If $f:R\to R$ is a function such that $f\left(x\right)=x^3+x^2{f}^{\prime }\left(1\right)+x{f}^{\prime \prime }\left(2\right)+f^{\prime \prime \prime }\left(3\right)$ for $xϵR$ then the value of f(5) is equal to

• A. $33$
• B. $32$
• C. $16$
• D. $12$

Answer 1

Answer: (B), (D)

$32$
$12$

Substitute $x=0$ in the given equation,
We have $f\left(0\right)=f^{\prime \prime \prime }\left(3\right)$ and putting $x=1$, we get $f\left(1\right)=1+f^{\prime }\left(1\right)+f^{\prime \prime }\left(2\right)+f^{\prime \prime \prime }\left(3\right)$.
Thus $f\left(1\right)-f\left(0\right)=1+f^{\prime }\left(1\right)+f^{\prime \prime }\left(2\right)$. Also differentiating the given equation, we have
$f^{\prime }\left(x\right)=3x^2+2x{f}^{\prime }\left(1\right)+f^{\prime \prime }\left(2\right)$ ... (i)
$f^{\prime \prime }\left(x\right)=6x+2f^{\prime }\left(1\right)$, $f^{\prime \prime \prime }\left(x\right)=6$
Thus $f^{\prime \prime \prime }\left(3\right)=6$ and $f^{\prime }\left(2\right)=12+2f^{\prime }\left(1\right)$.

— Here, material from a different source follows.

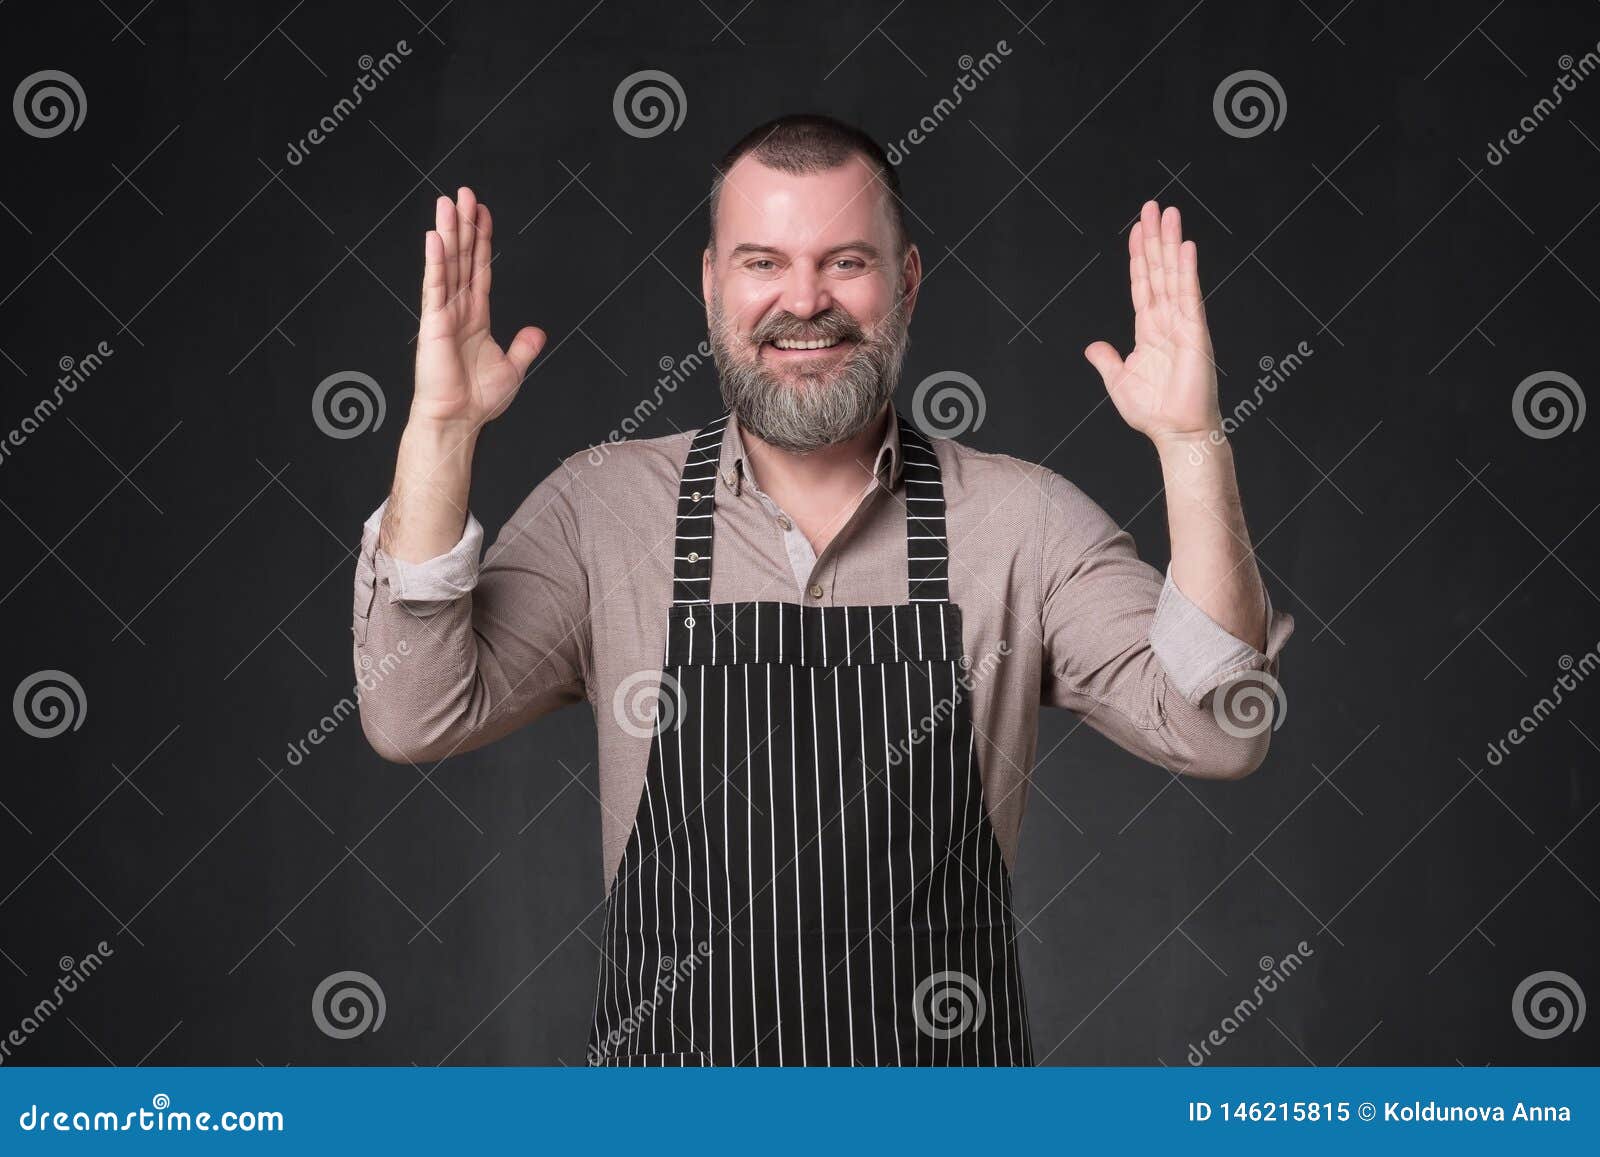 Mature Bearded Man In Apron Bragging About The Big Size Of Something Stock Image Image Of

Subsitute $x=1$ in (i), we have
$f^{\prime }\left(1\right)=3+2f^{\prime }\left(1\right)+f^{\prime \prime }\left(2\right)=3+2f^{\prime }\left(1\right)+12+2f^{\prime }\left(1\right)=15+4f^{\prime }\left(1\right)$
$\Rightarrow$ $f^{\prime }\left(1\right)=-5$ and so $f^{\prime \prime }\left(2\right)=12-10=2$
$\therefore f\left(2\right)=2^3+2^2{f}^{\prime }\left(1\right)+2f^{\prime \prime }\left(2\right)+f^{\prime \prime \prime }\left(3\right)$
$=8+4(-5)+2\left(2\right)+6=18-20=-2$